Tulsa Race Massacre: May 31 – June 1, 1921.

This subject is horrific to read about. I’ve never been able to do it justice. It’s like reading about the Sand Creek Massacre, or any of hundreds of other massacres of Native Americans by Euro-Americans.

So I’m just forwarding The Washington Post’s story. Here it is.

This is superb writing by DeNeen L. Brown, and it’s worth your time to soak up every word she writes. She’s a consummate writer, a professional journalist of the highest calibre.

The following article is from The Washington Post, May 19, 2021. I’ve formatted some of the paragraphs as pull-out quotes for those of you who can’t make time to read The Post’s story in its entirety. At least read the quotes carefully.


The massacre began on the evening of May 31, 1921, when a White mob descended on Greenwood, shooting Black people indiscriminately and burning more than 1,200 homes, hundreds of Black-owned businesses, churches, schools and a Black-owned hospital. Some survivors saw airplanes dropping turpentine bombs on houses….

….as many as 300 Black people dead, 10,000 homeless and the all-Black community of Greenwood destroyed.

….After more than 48 hours of carnage, 35 square blocks of Greenwood were destroyed. When the massacre ended on June 1, 1921, according to historians and witness accounts, hundreds of survivors were rounded up at gunpoint and forced to march to camps, where they were held for weeks until White people vouched for them. According to the Tulsa Race Riot Commission 2001 report, many were forced to labor without pay. Survivors also recounted seeing Black bodies dumped into the Arkansas River and into mass graves.

“The city police department and the county sheriff’s office deputized and armed white Tulsans to murder, loot, and burn the nearly 40 city blocks of the Greenwood District,” according to the reparations lawsuit. “The State National Guard participated with this angry white mob in killing and looting and destroying the property of Black residents of Greenwood. The city, sheriff, chamber, and county targeted Black community leaders and victims of the massacre for prosecution as instigators of the massacre — despite knowing who were truly responsible.”

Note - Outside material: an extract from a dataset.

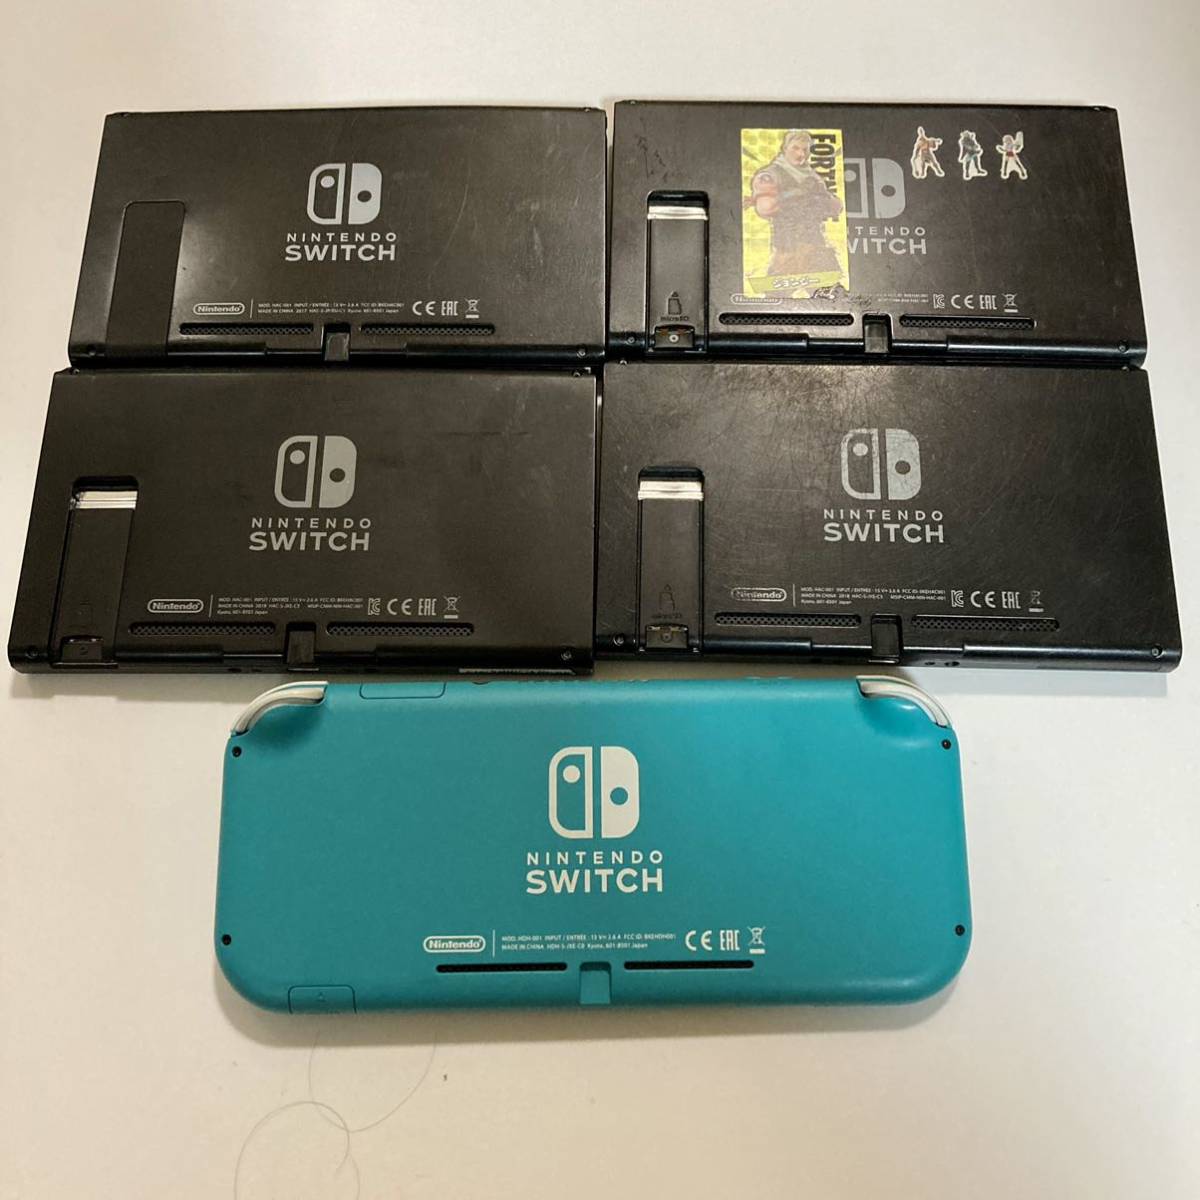 Nintendo Switch 本体ジャンク品 - library.iainponorogo.ac.id

One of the last survivors of the 1921 Tulsa Race Massacre — 107 years old — wants justice

Viola Fletcher, who lived through the Tulsa Race Massacre a century ago, testified before Congress Wednesday on the push for reparations

Photo Source: The Washington Post.

By DeNeen L. Brown May 19, 2021 at 9:55 a.m. PDT

She’d just turned 7 when a White mob descended on her all-Black neighborhood in a murderous rage.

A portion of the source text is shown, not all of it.